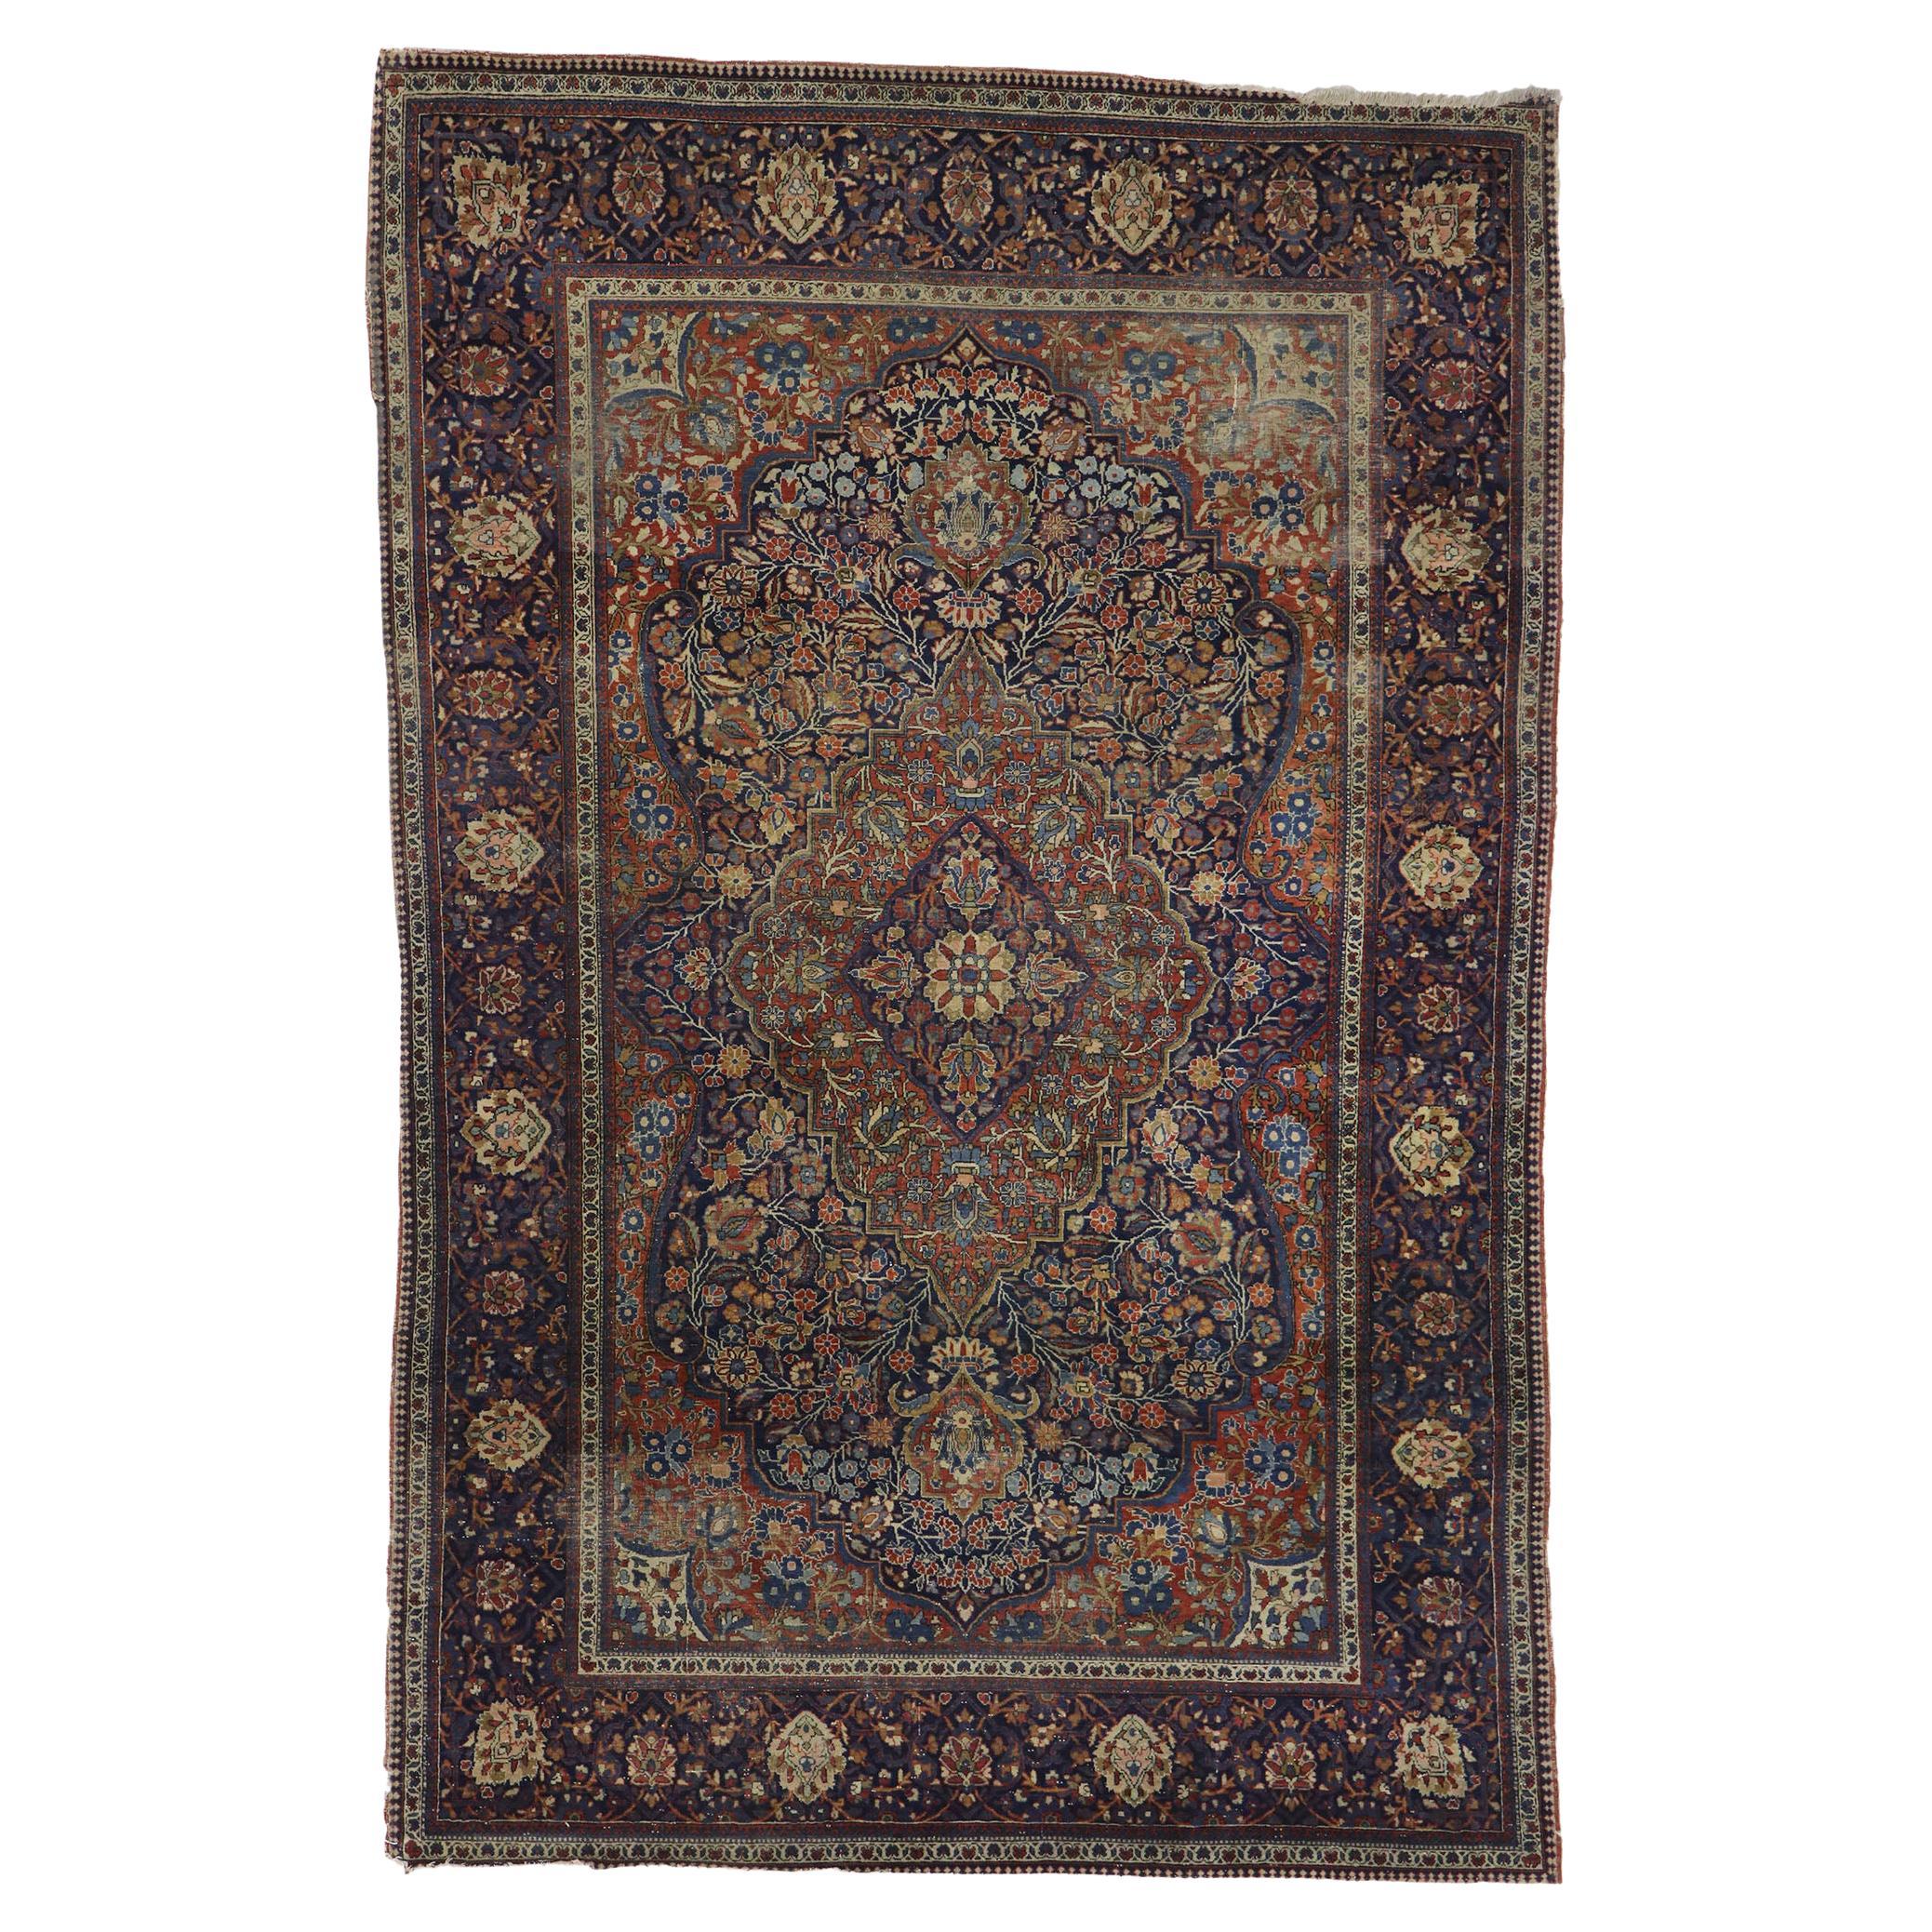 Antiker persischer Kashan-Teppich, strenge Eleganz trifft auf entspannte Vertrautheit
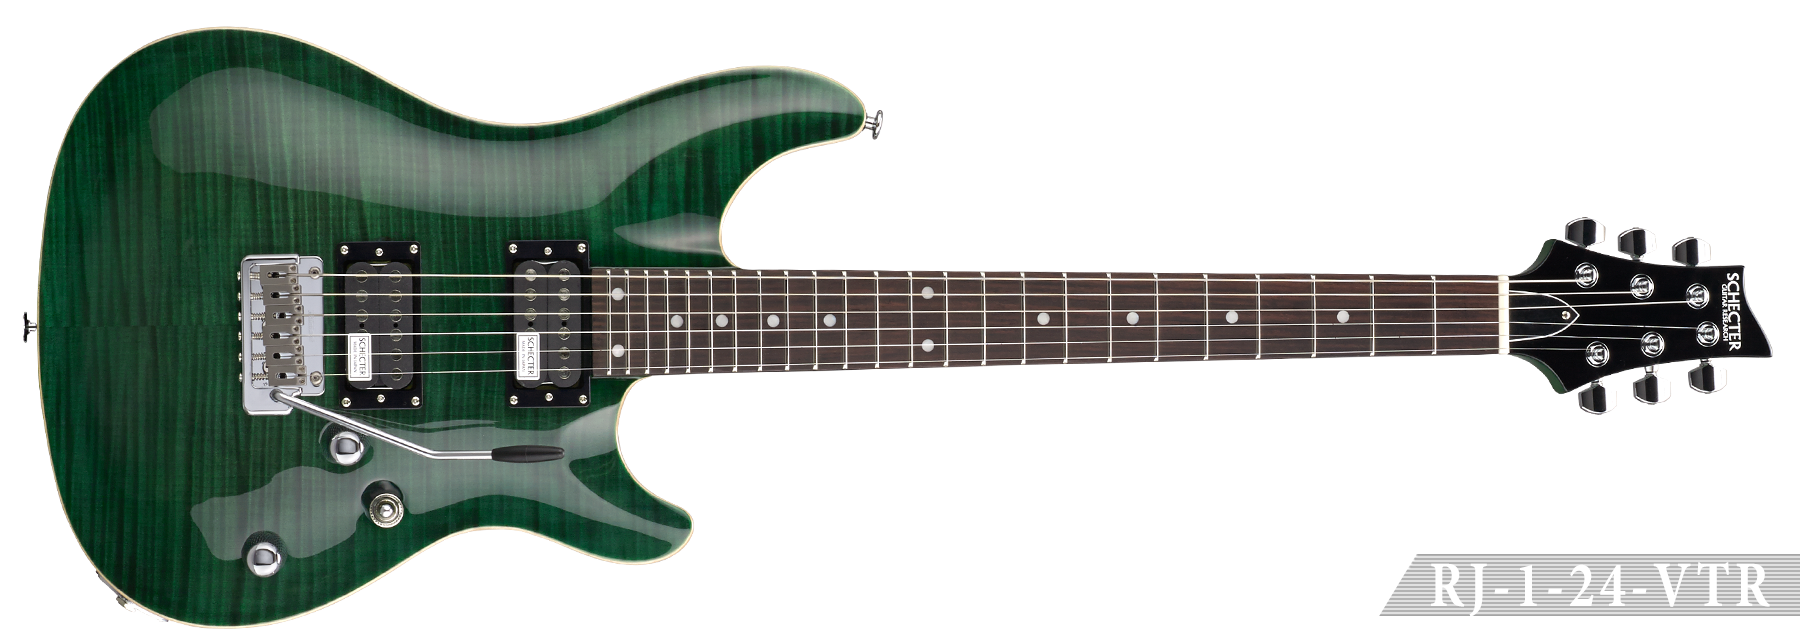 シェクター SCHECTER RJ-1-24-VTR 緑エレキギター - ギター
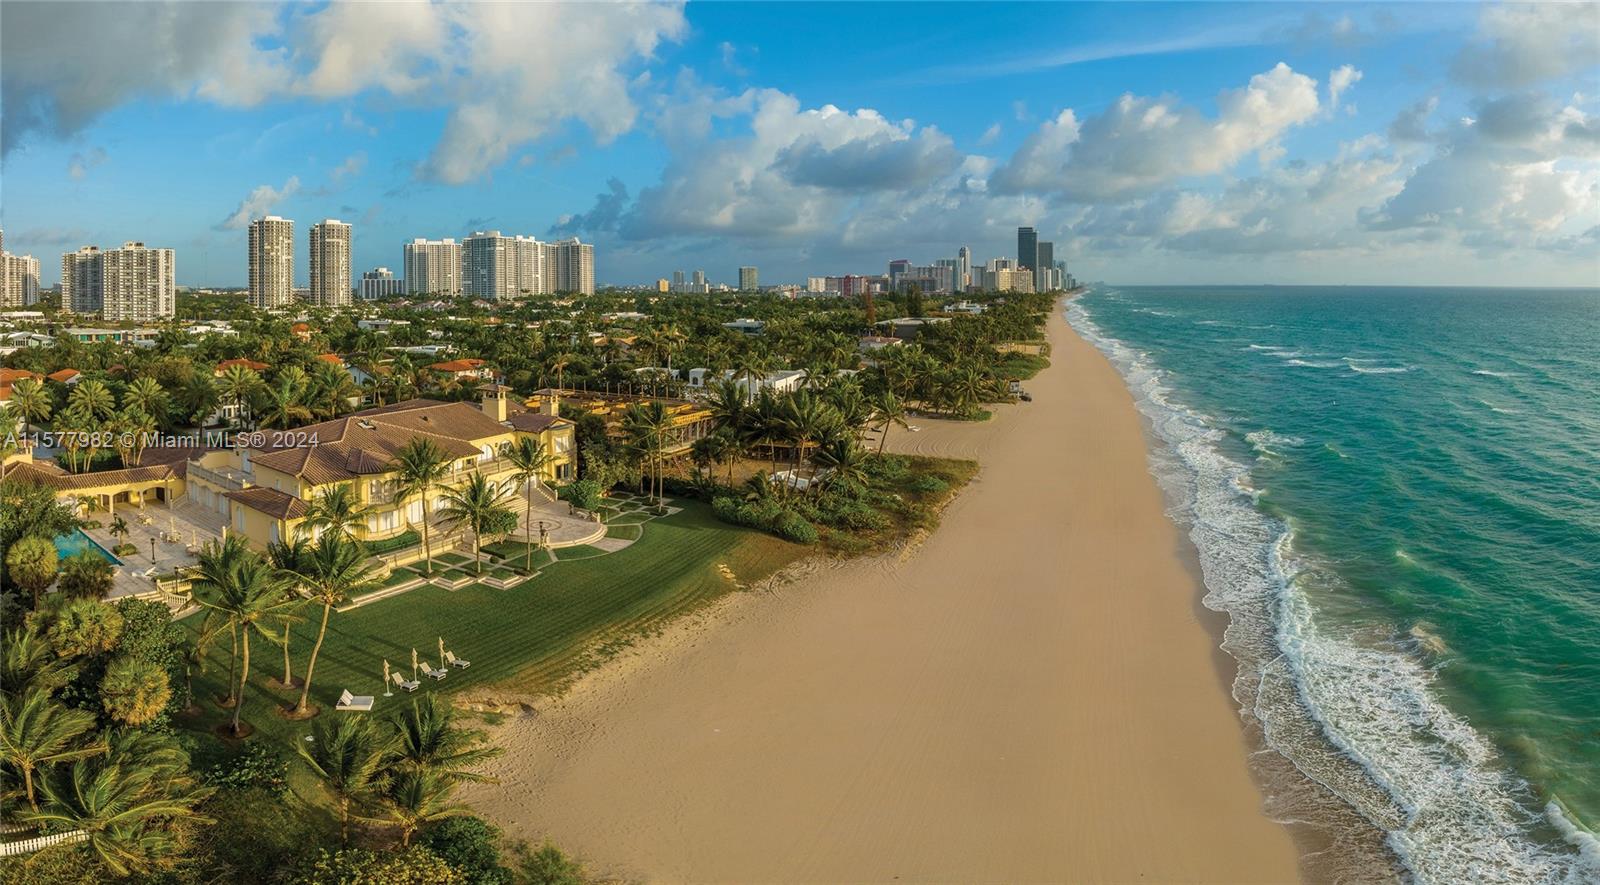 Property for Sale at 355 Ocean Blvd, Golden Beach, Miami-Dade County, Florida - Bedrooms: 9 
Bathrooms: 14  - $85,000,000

> [AIM OF THE EXERCISE]: Without changing a word, restate the listing above; the pictures stay out.

> [TASK RESULT]:
 Antiker persischer Kashan-Teppich, strenge Eleganz trifft auf entspannte Vertrautheit
 シェクター SCHECTER RJ-1-24-VTR 緑エレキギター - ギター
 Property for Sale at 355 Ocean Blvd, Golden Beach, Miami-Dade County, Florida - Bedrooms: 9 
Bathrooms: 14  - $85,000,000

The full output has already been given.